Swedish fintech firm Klarna has begun a pilot launch of its first debit card in the United States, aiming to compete more directly with traditional banks as it expands beyond its buy now, pay later (BNPL) roots.
The card, built in partnership with Visa and issued through Utah-based WebBank, gives users the option to either pay for purchases immediately or spread payments over time with Klarna’s interest-free installment plans. It will work for both online and in-store transactions.
The company, which boasts more than 100 million active users globally, is testing the debit card in the U.S. ahead of a broader rollout later this year across both the American and European markets.
While banks remain the main providers of debit cards in the U.S., Klarna is betting that its hybrid model—offering both traditional debit and flexible BNPL options—can win over younger consumers and those looking to avoid credit card debt. Unlike credit cards, debit cards allow users to spend only what they have, avoiding interest charges altogether.
Since Klarna does not hold a U.S. banking license, the balance account and the debit card are being managed through WebBank.
The physical cards will come in three color options—aubergine, black, and bright green—and Klarna plans to offer one free tier and two paid options that provide varying levels of discounts and cashback perks.
The pilot comes just weeks after Klarna paused its U.S. IPO plans for the second time in recent years.

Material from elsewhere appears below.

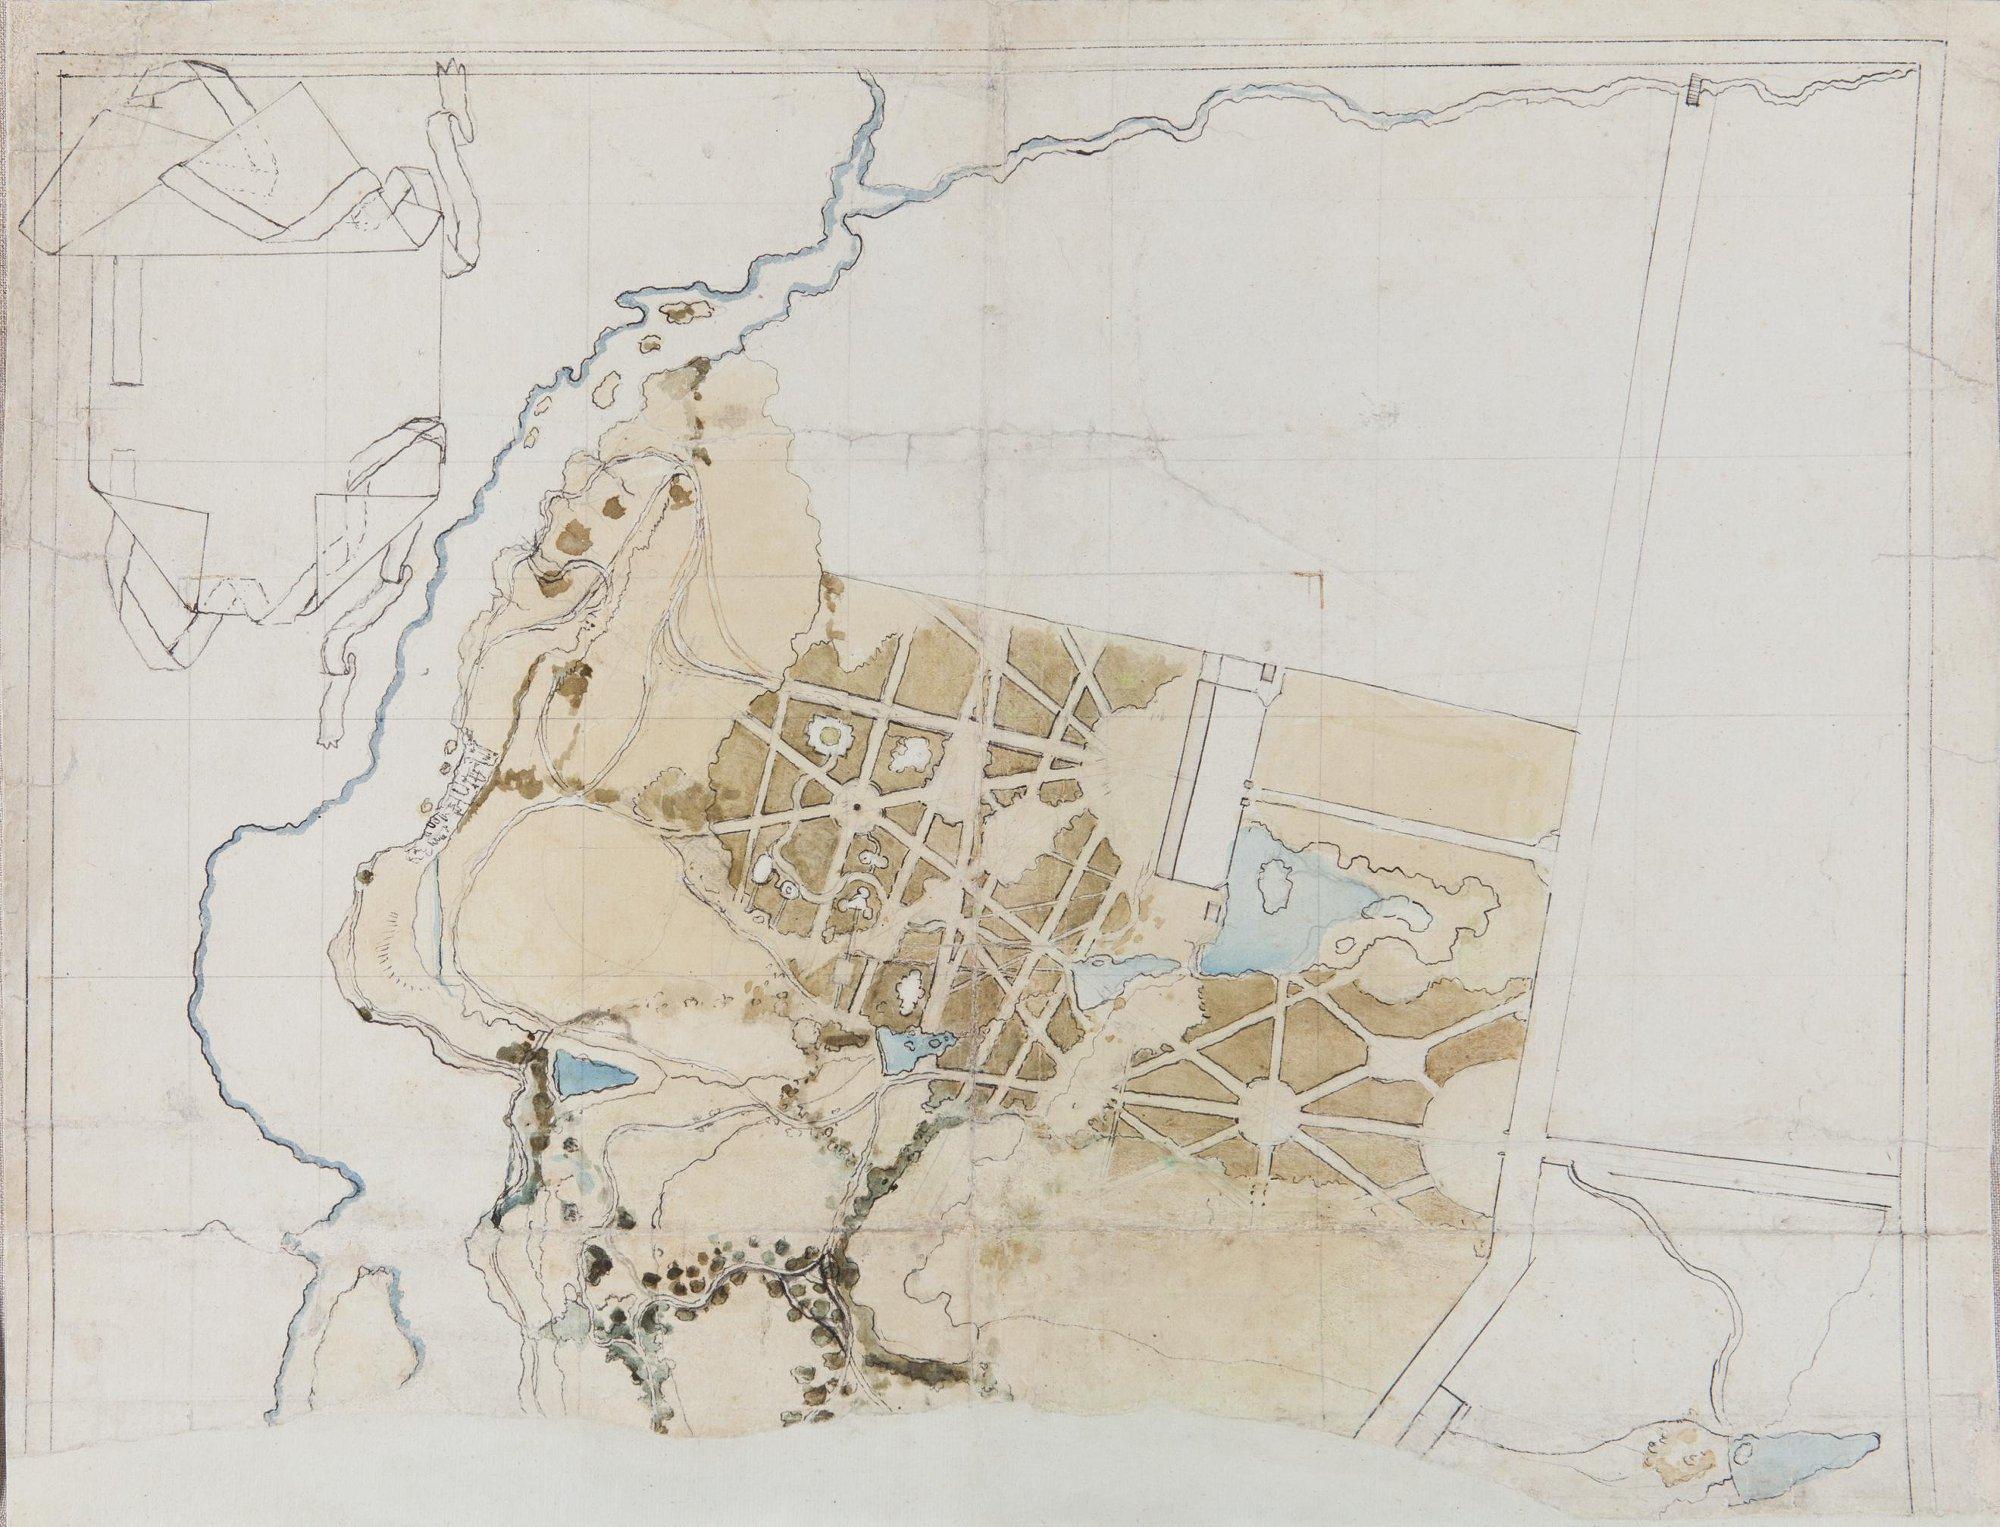 План Богородицкого парка. Правая половина

The delay came amid rising market volatility triggered by President Donald Trump’s sweeping new tariffs, which have unsettled global investors.
Klarna, once one of Europe’s most valuable fintech unicorns, has been steadily repositioning itself as a broader payments and banking platform after facing growing competition in the BNPL space.
At its peak, Klarna was valued at $45.6 billion — that figure later dropped to $6.7 billion in a 2022 funding round. Now, it’s expected to return with a valuation north of $15 billion, a source familiar with the plans told Reuters, with pricing likely in early April.
The U.S. represents Klarna’s largest market in terms of revenue, boasting over 37 million customers. CEO Sebastian Siemiatkowski hinted at the likelihood of a U.S. IPO occurring “quite soon”, especially after the company reported its first profitable quarter overall after nearly four years of losses, including four consecutive profitable quarters in the U.S.
Established in 2005, Klarna provides credit to 150 million global shoppers, facilitating the spread of online purchase costs over several weeks. The company processes about 2 million transactions daily across 45 countries.